Task statement: A faithful copy of all the data is the goal; omit the pictures.

+++ Available data +++

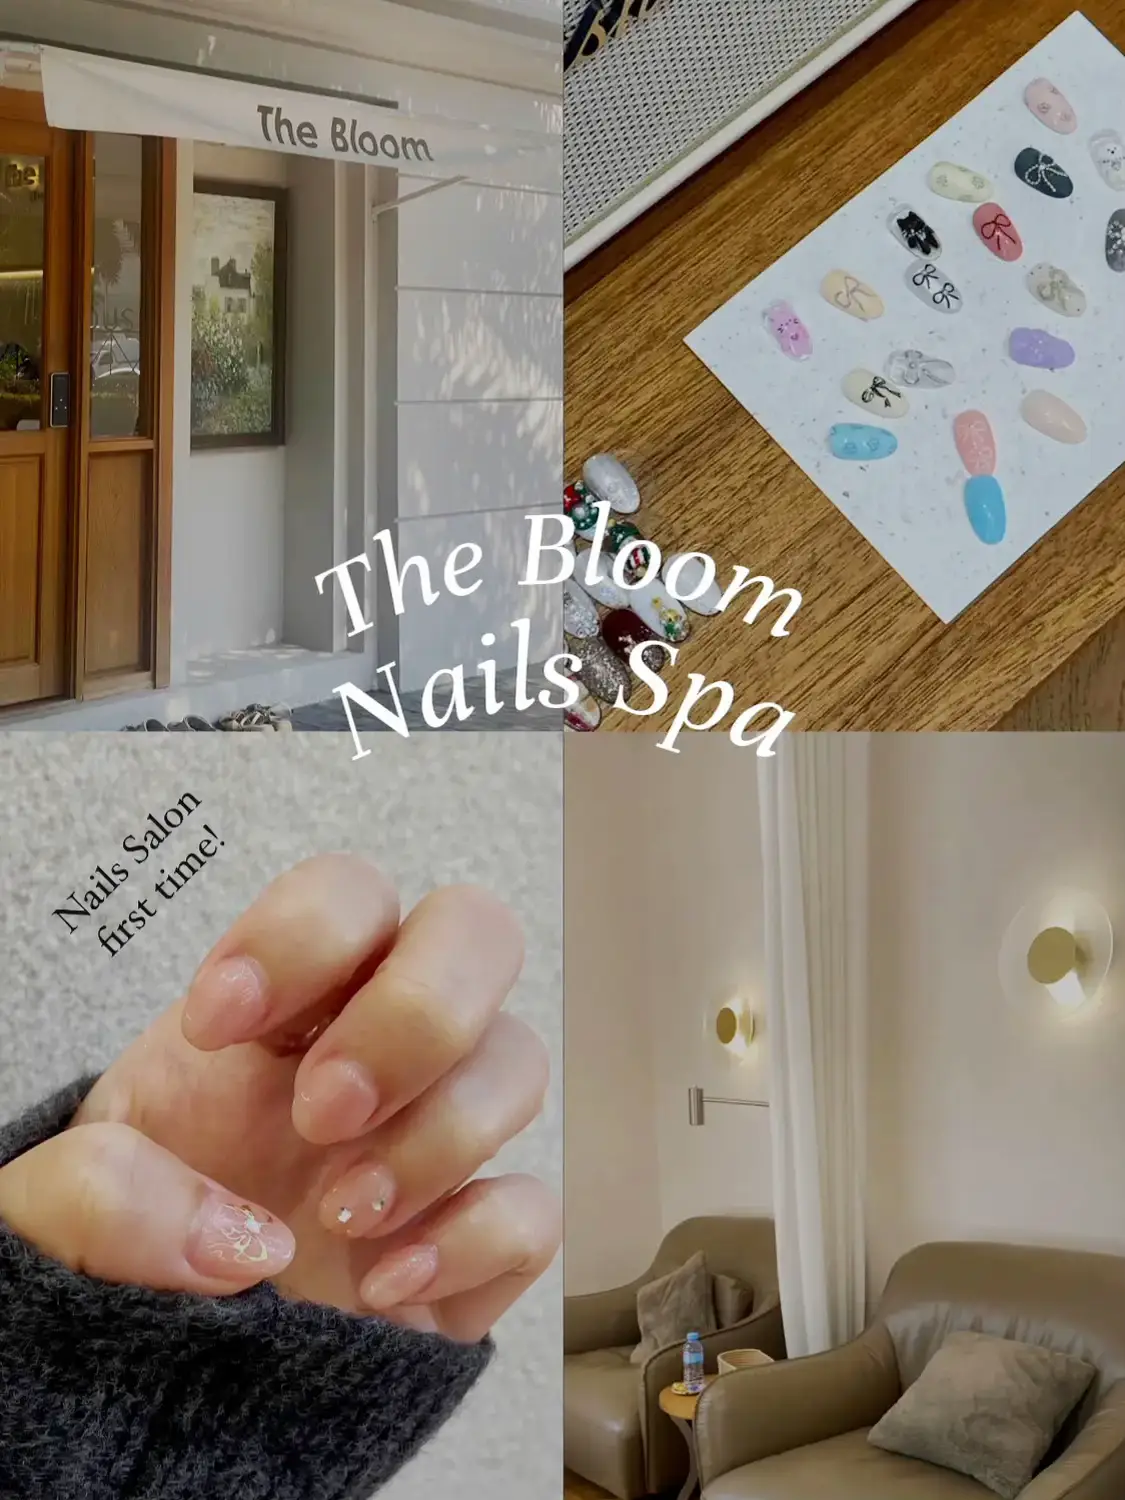 Bloom nail spa - Lemon8 Search
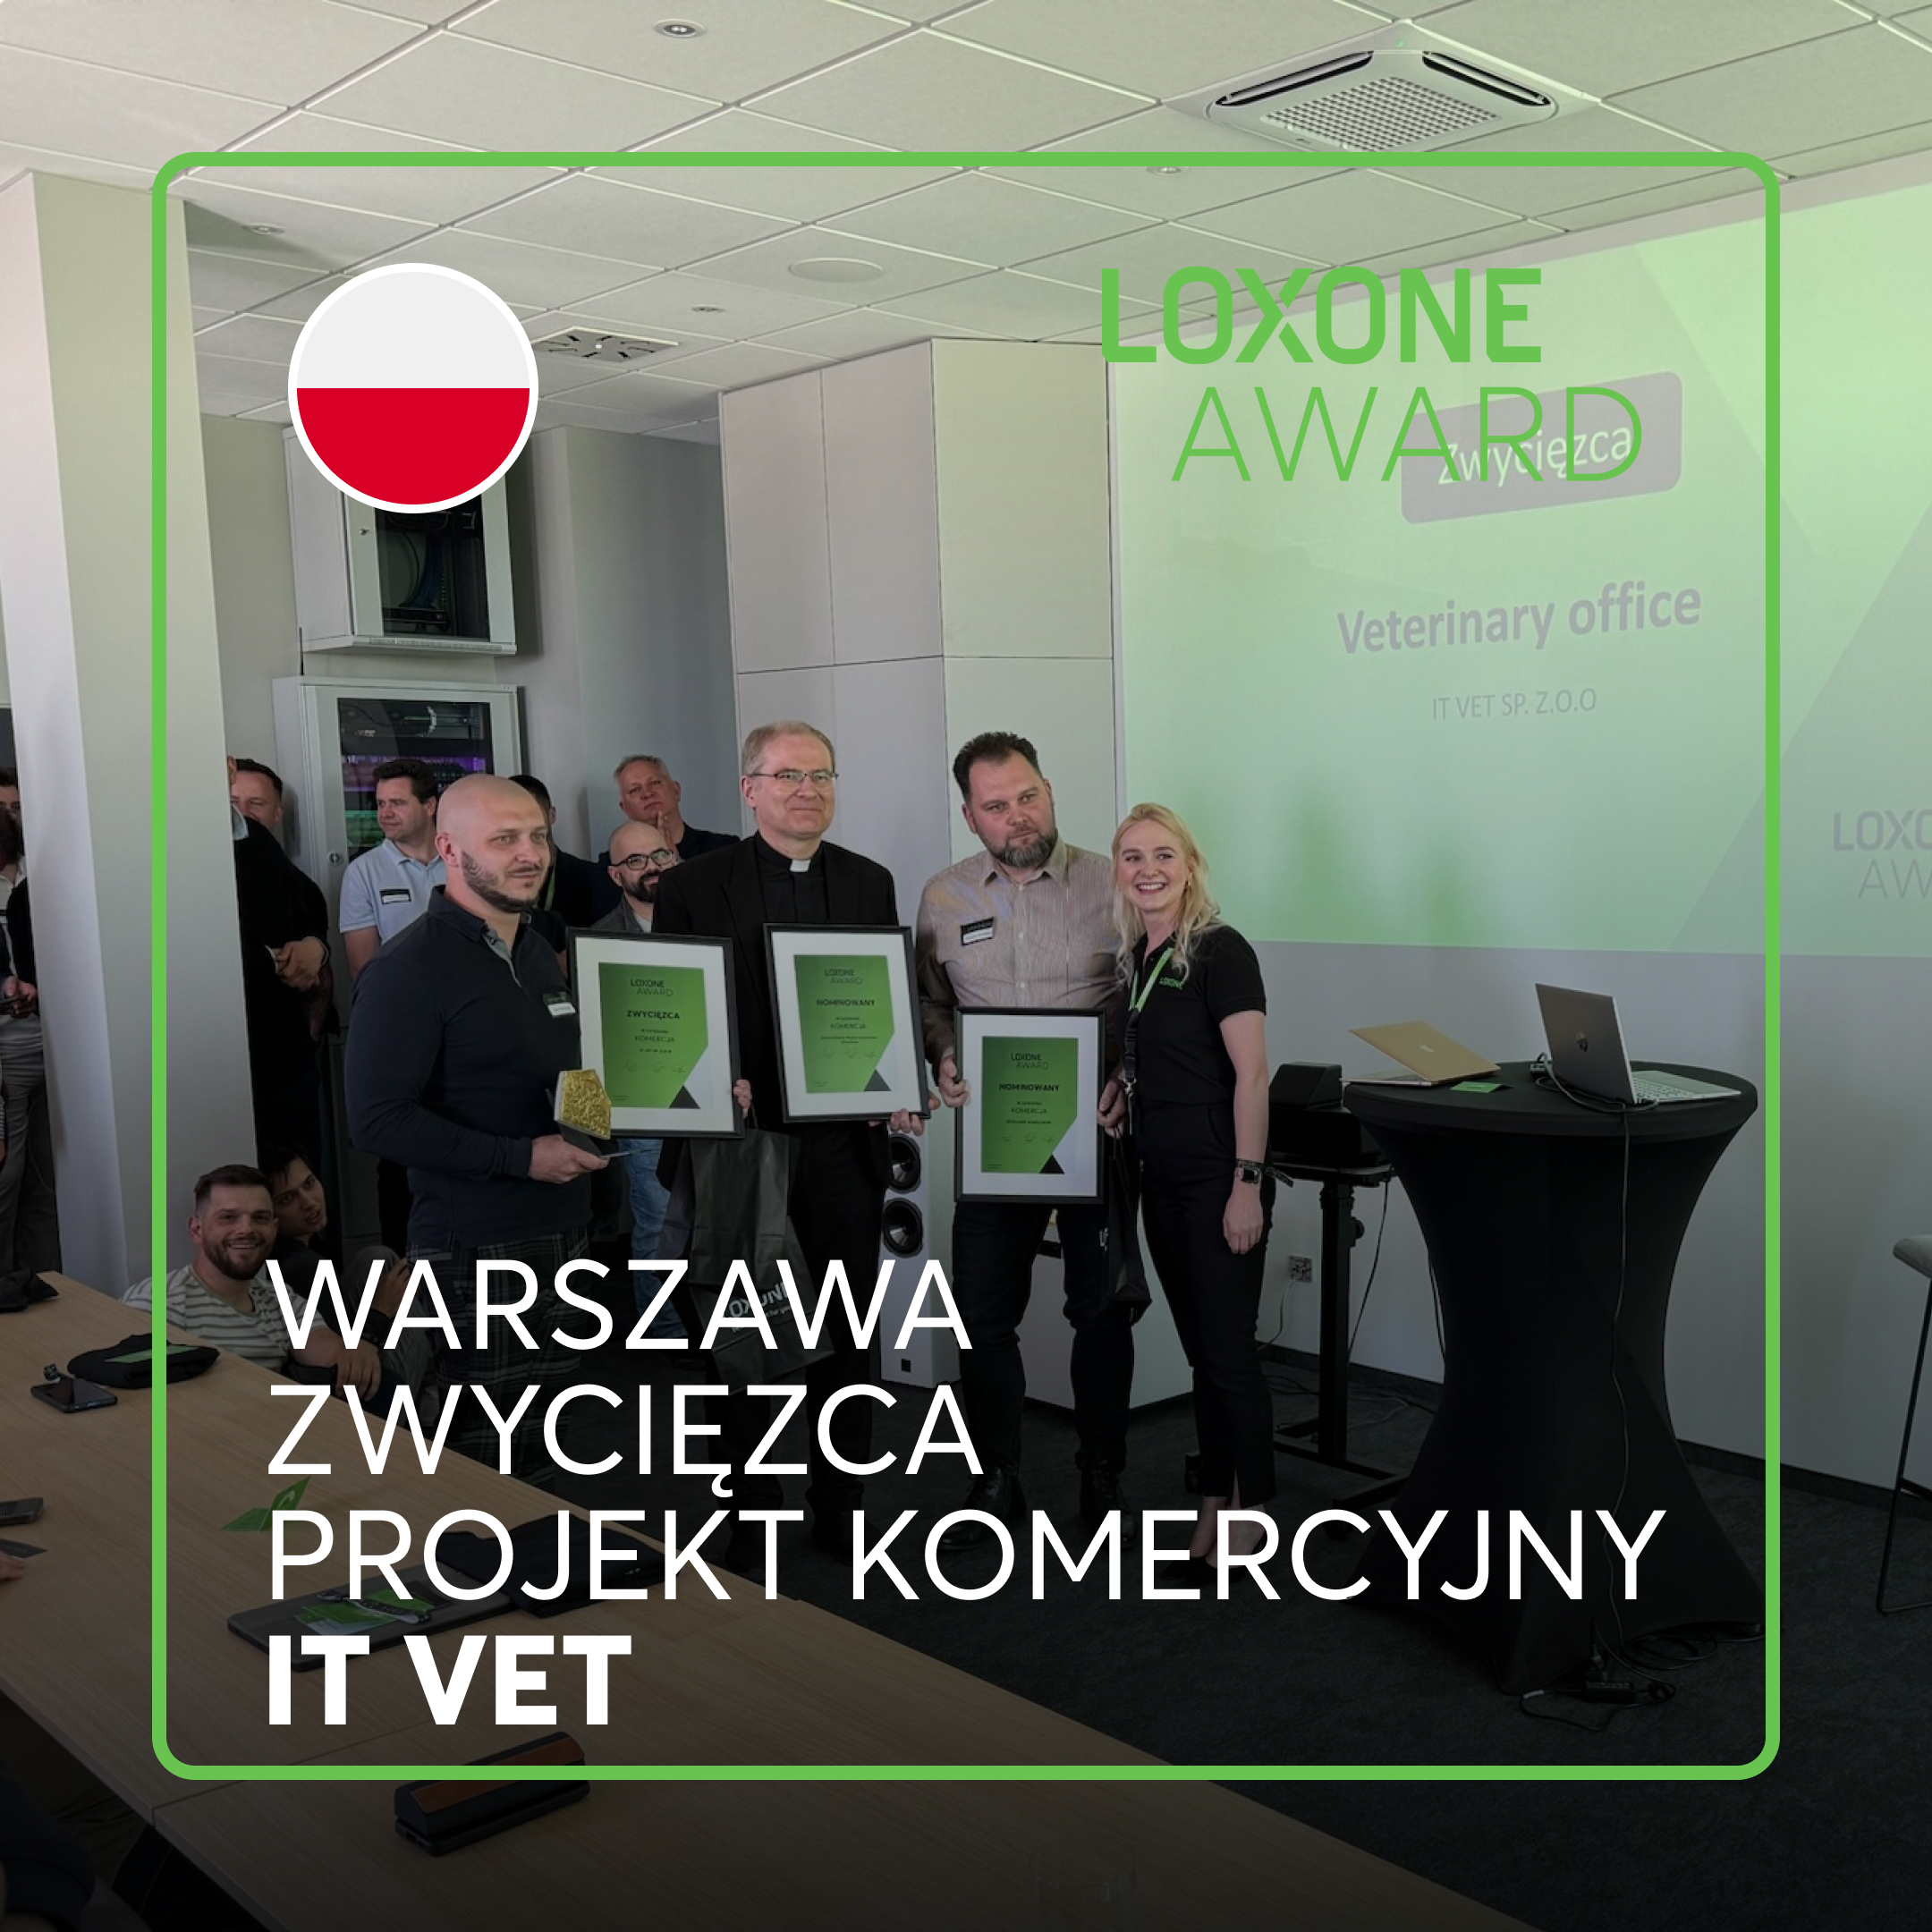 Zwycięzca z Warszawy w kategorii projekt komercyjny
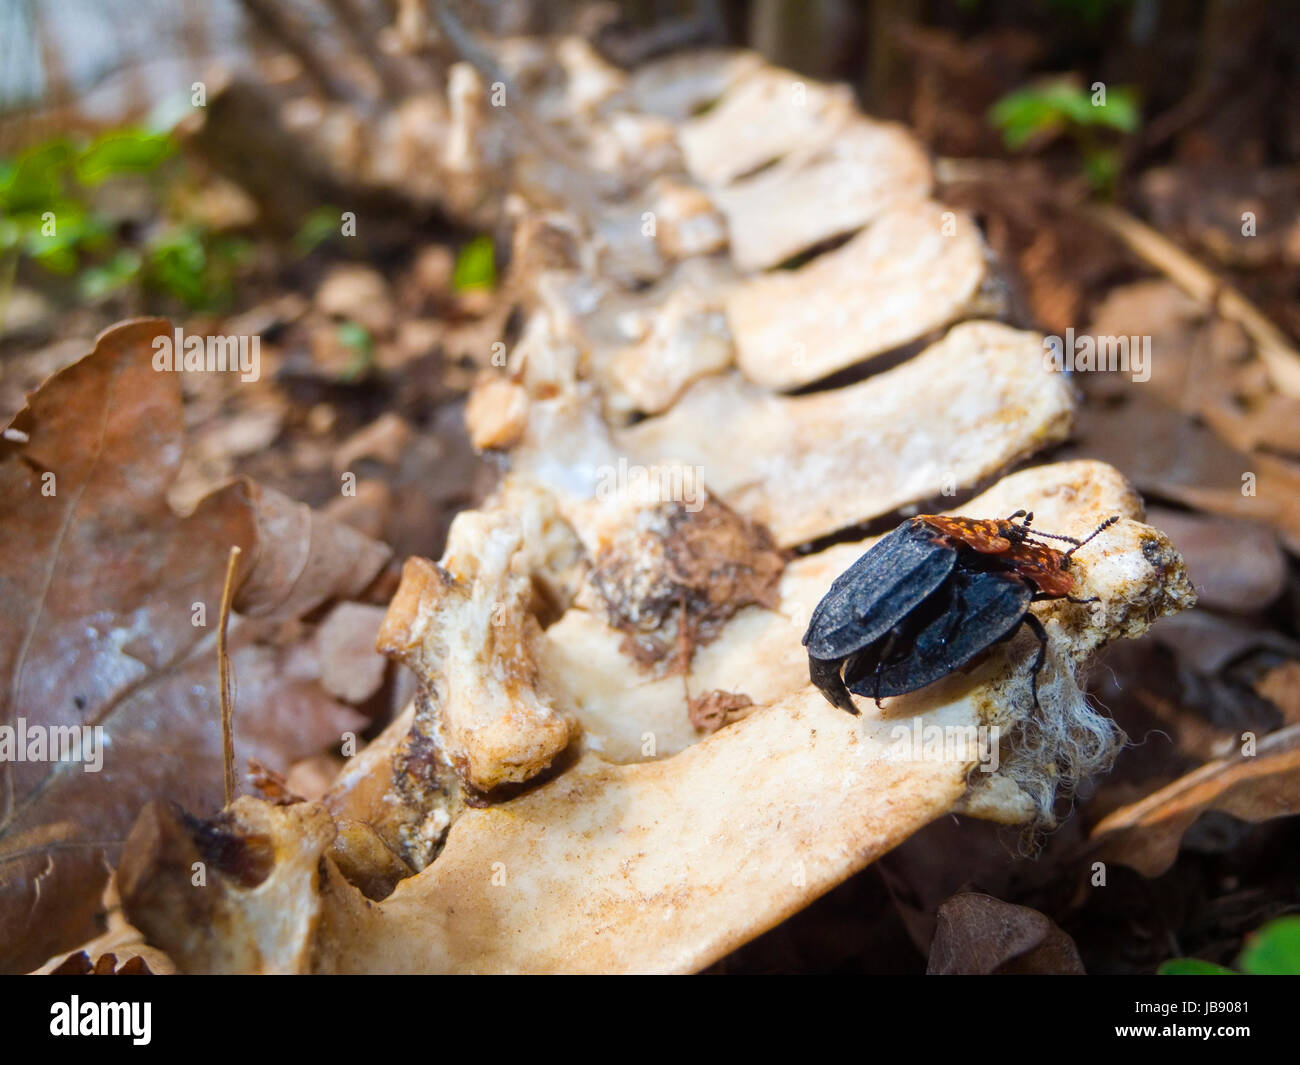 zwei sich paarende Aaskäfer (Oiceoptoma thoracicum) auf einem Knochen am Waldboden Stock Photo
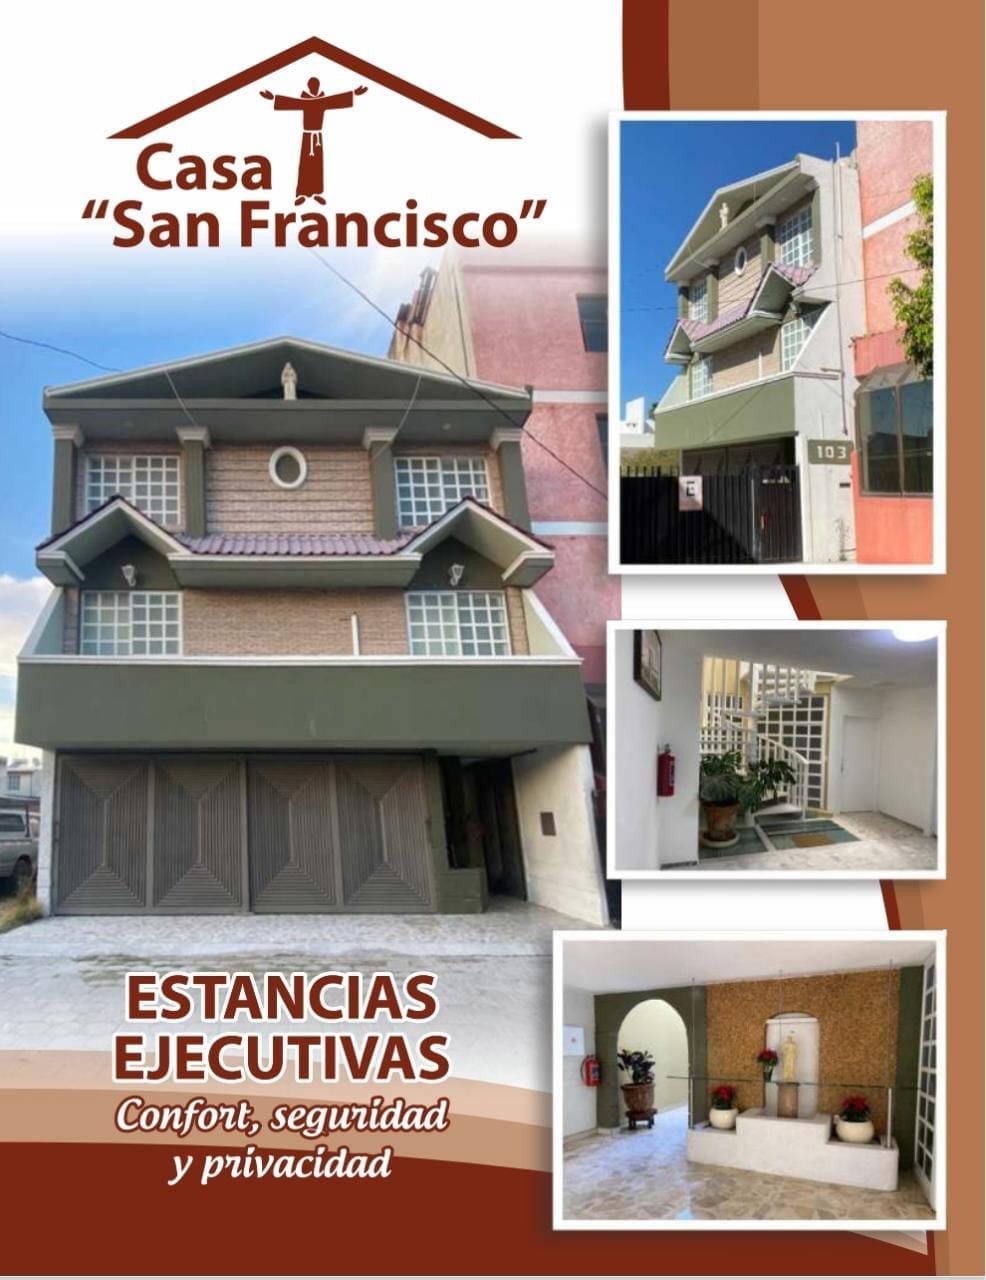 Estancia 1 Casa San Francisco

+++

Problem solution:
 Bloom nail spa - Lemon8 Search
 Zwycięzca z Warszawy w kategorii projekt komercyjny
 zwei sich paarende Aaskäfer (Oiceoptoma thoracicum) auf einem Knochen am Waldboden Stock Photo
 Estancia 1 Casa San Francisco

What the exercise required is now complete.